__WHAT IS BEING ASKED__.
Only the lines from the one containing "Comprar Contour Plus" through the end of the material should be printed, exactly as they appear. Leave out pictures.

__GIVEN DATA__.
- - -

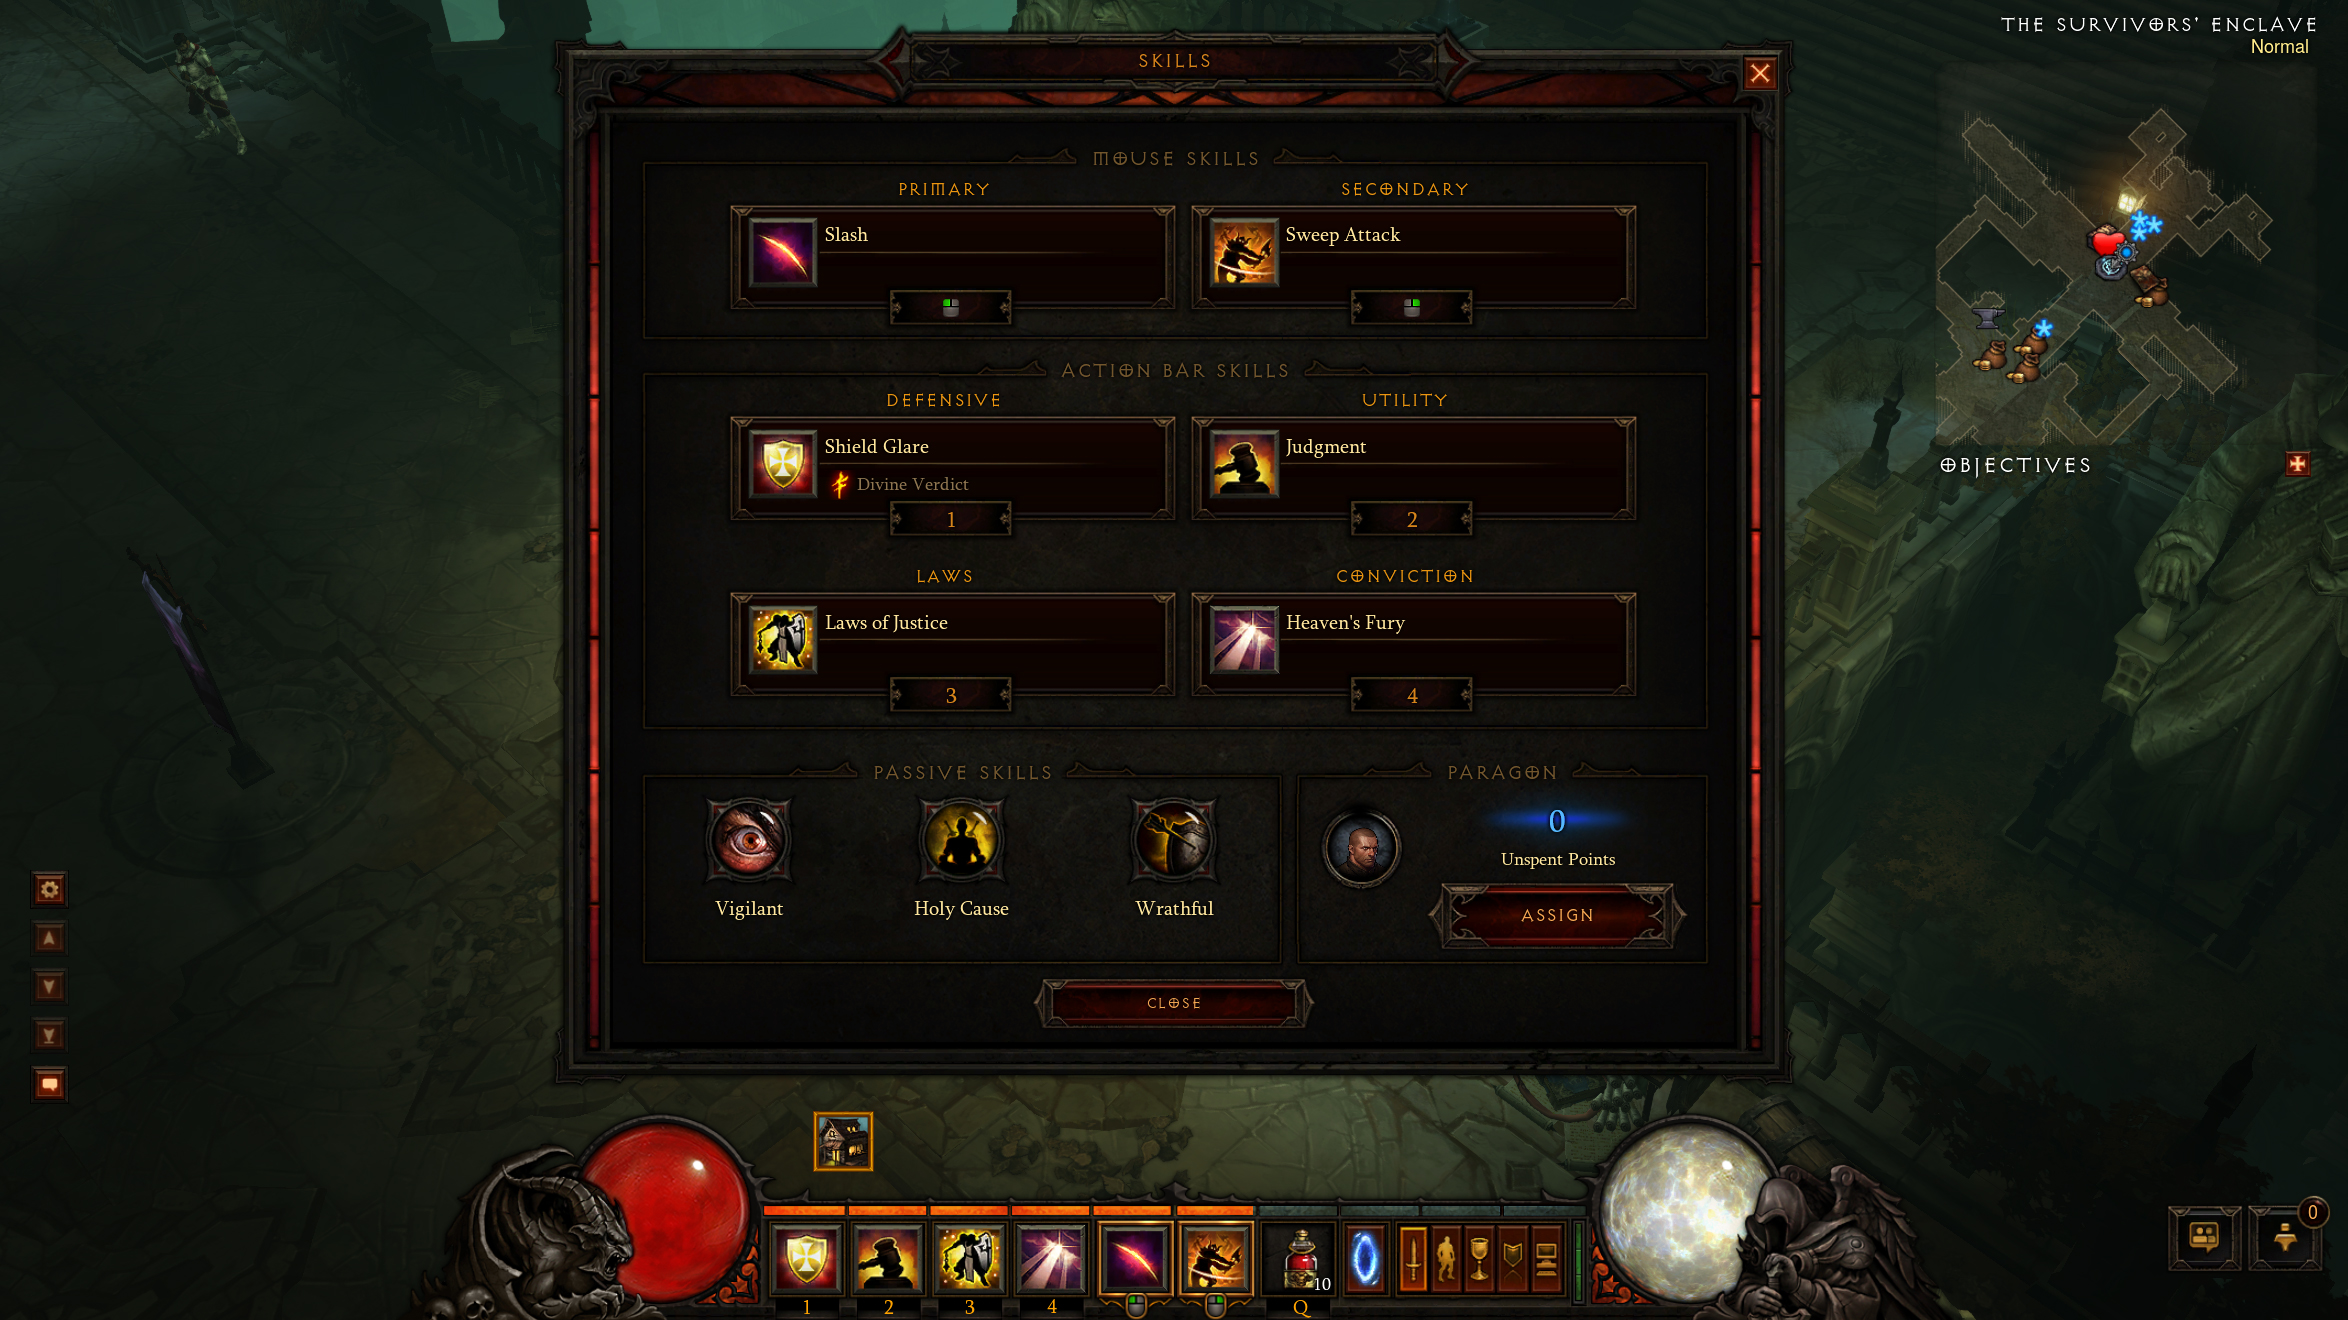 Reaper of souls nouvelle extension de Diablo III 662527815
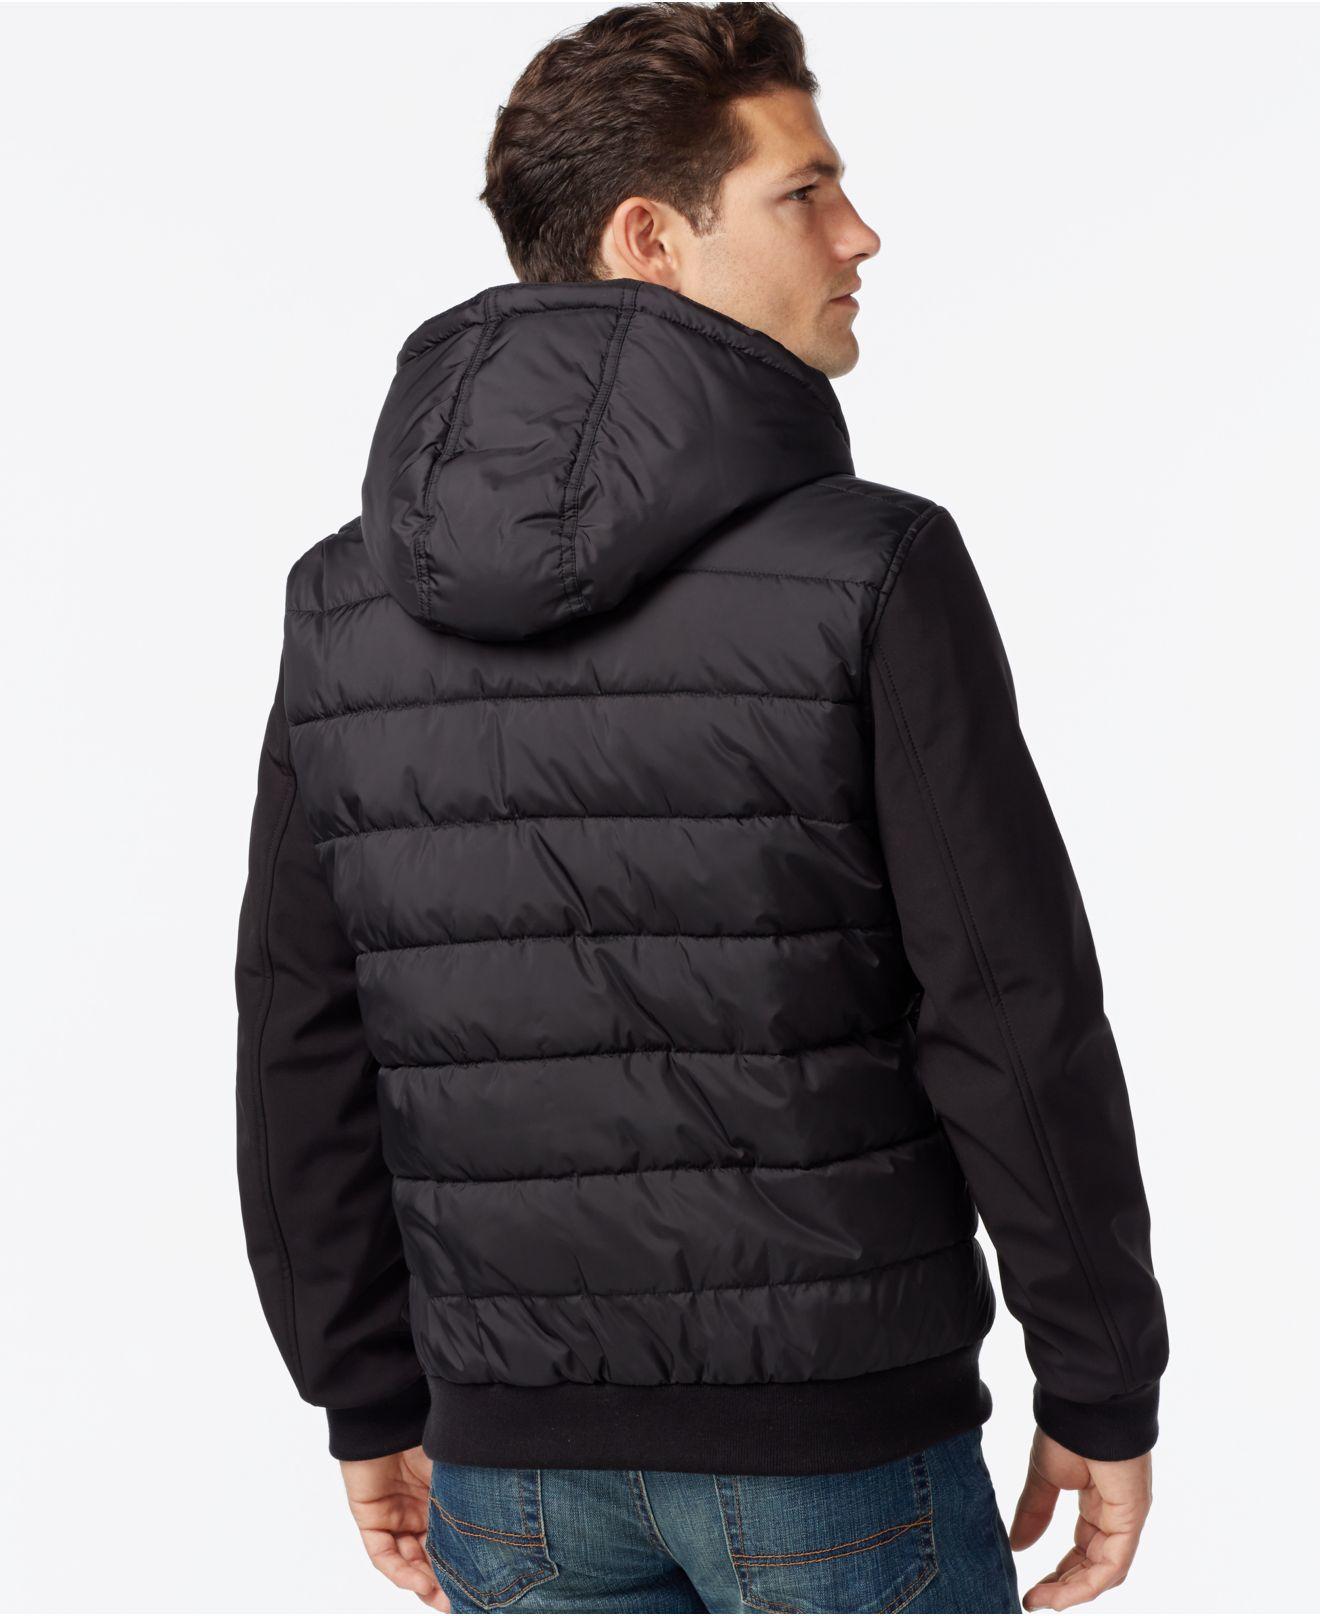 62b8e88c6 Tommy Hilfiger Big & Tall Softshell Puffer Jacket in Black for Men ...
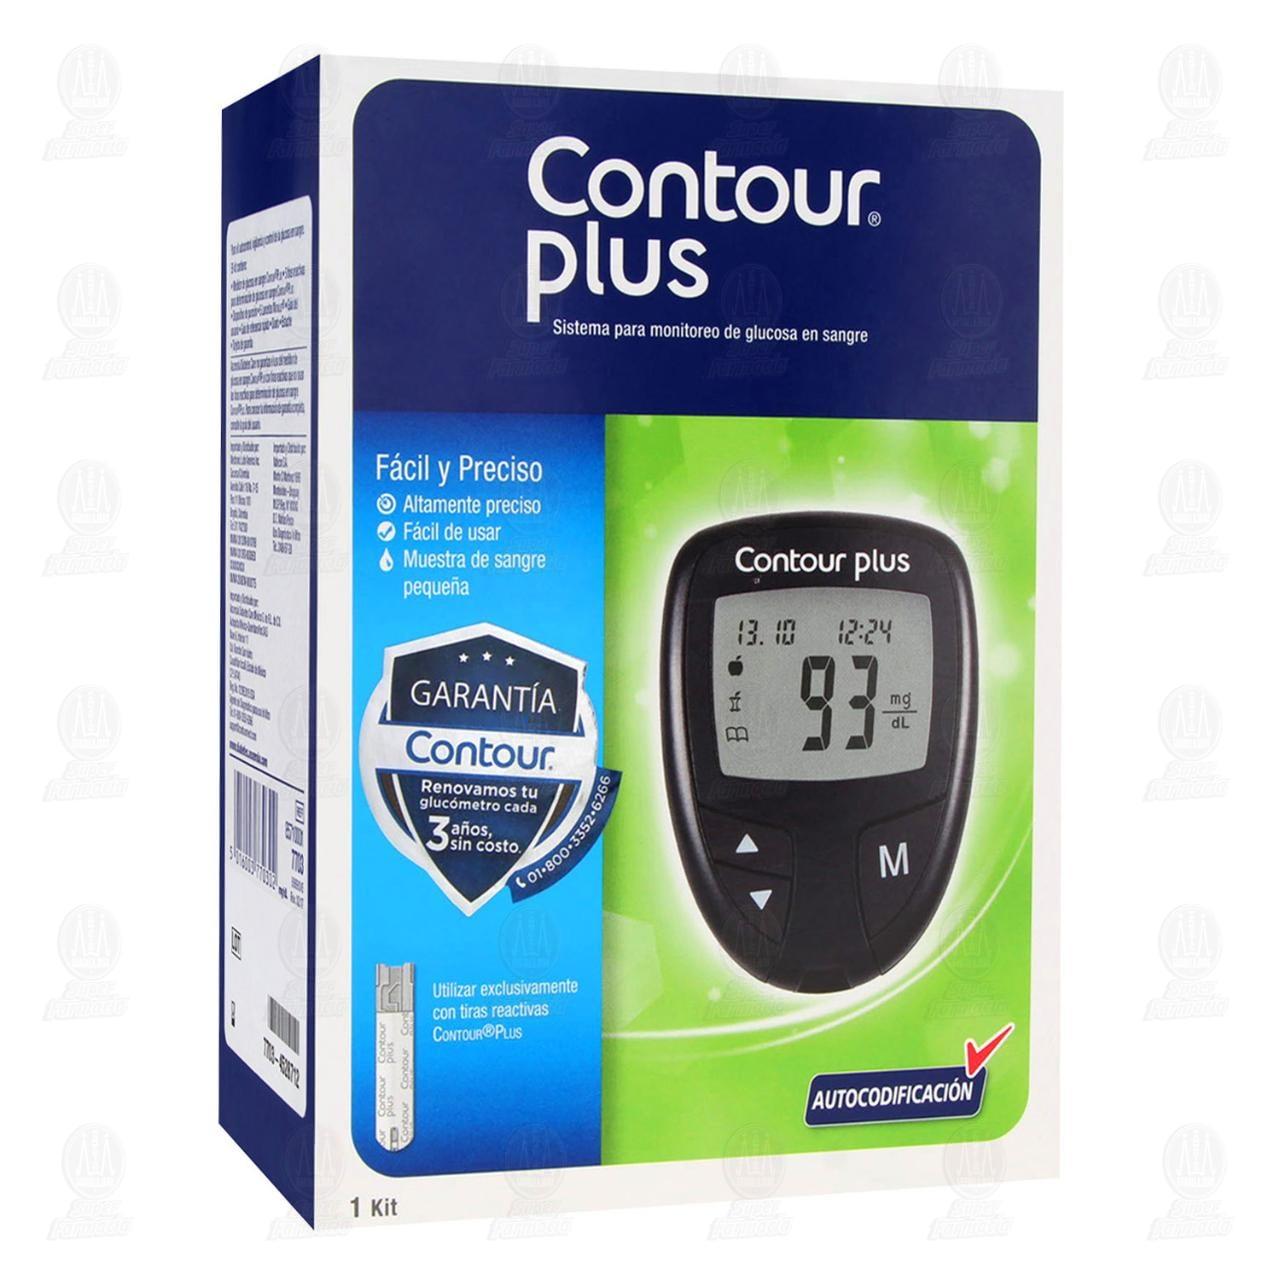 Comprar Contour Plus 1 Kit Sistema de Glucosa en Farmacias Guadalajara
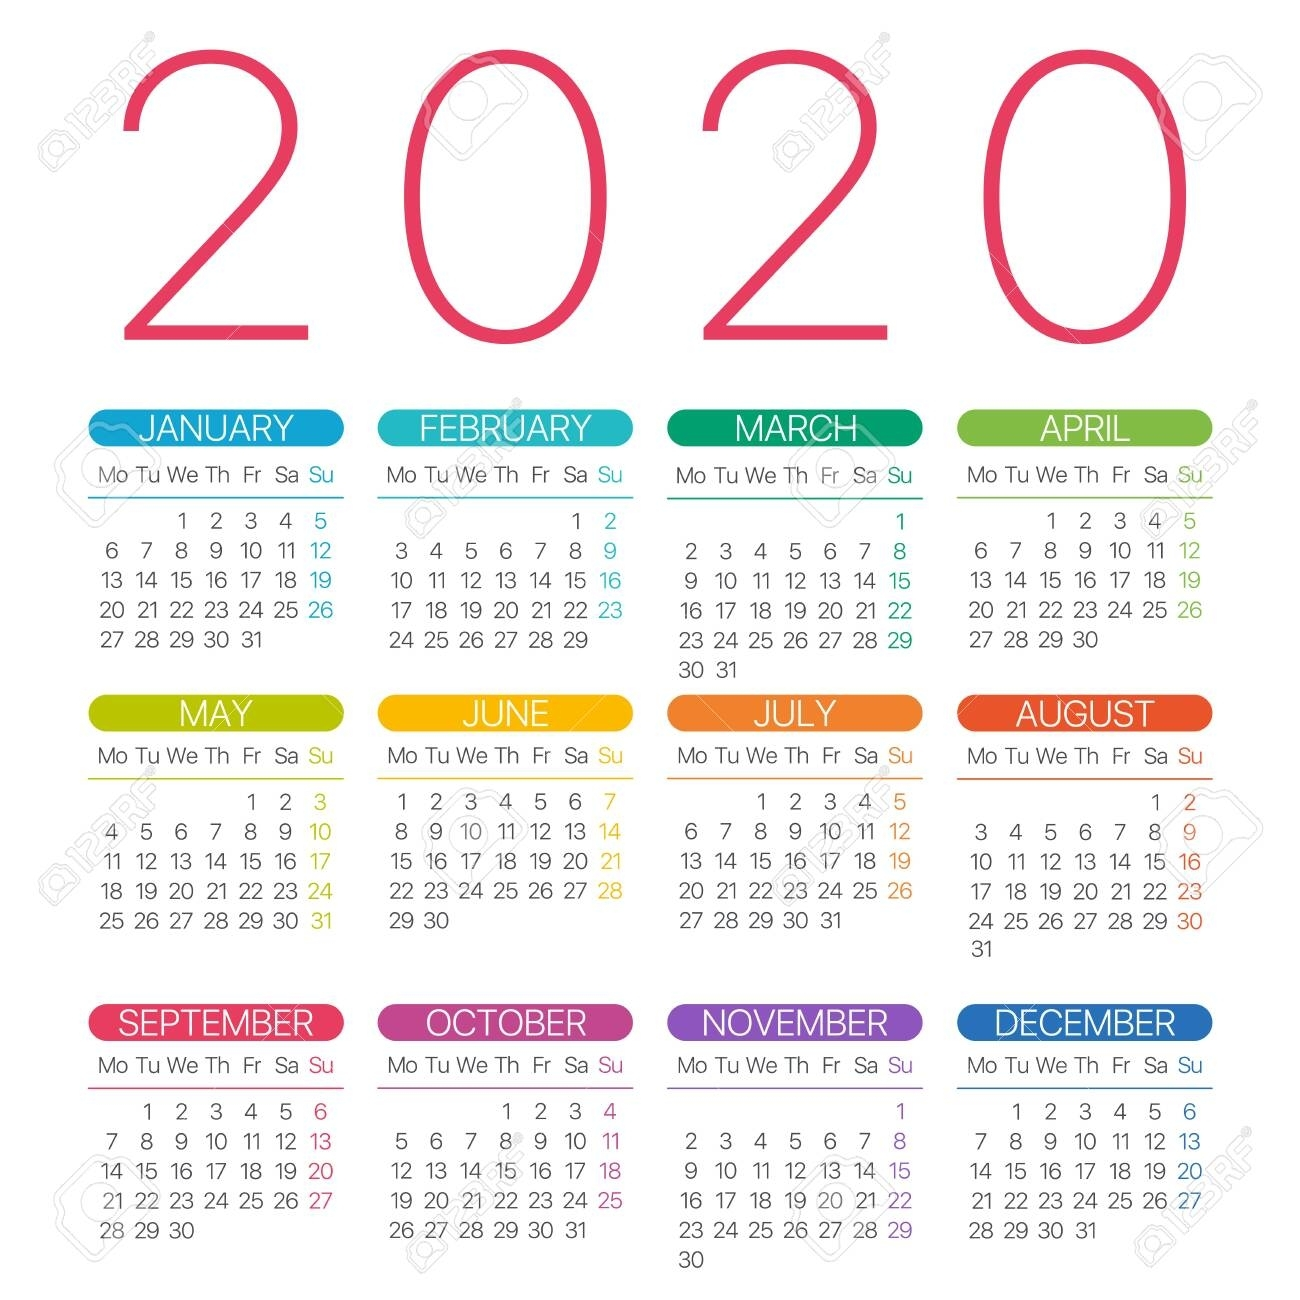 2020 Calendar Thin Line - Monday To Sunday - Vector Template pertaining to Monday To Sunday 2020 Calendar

- - -

__TASK RESPONSE__.
 Comprar Contour Plus 1 Kit Sistema de Glucosa en Farmacias Guadalajara
 2020 Calendar Thin Line - Monday To Sunday - Vector Template pertaining to Monday To Sunday 2020 Calendar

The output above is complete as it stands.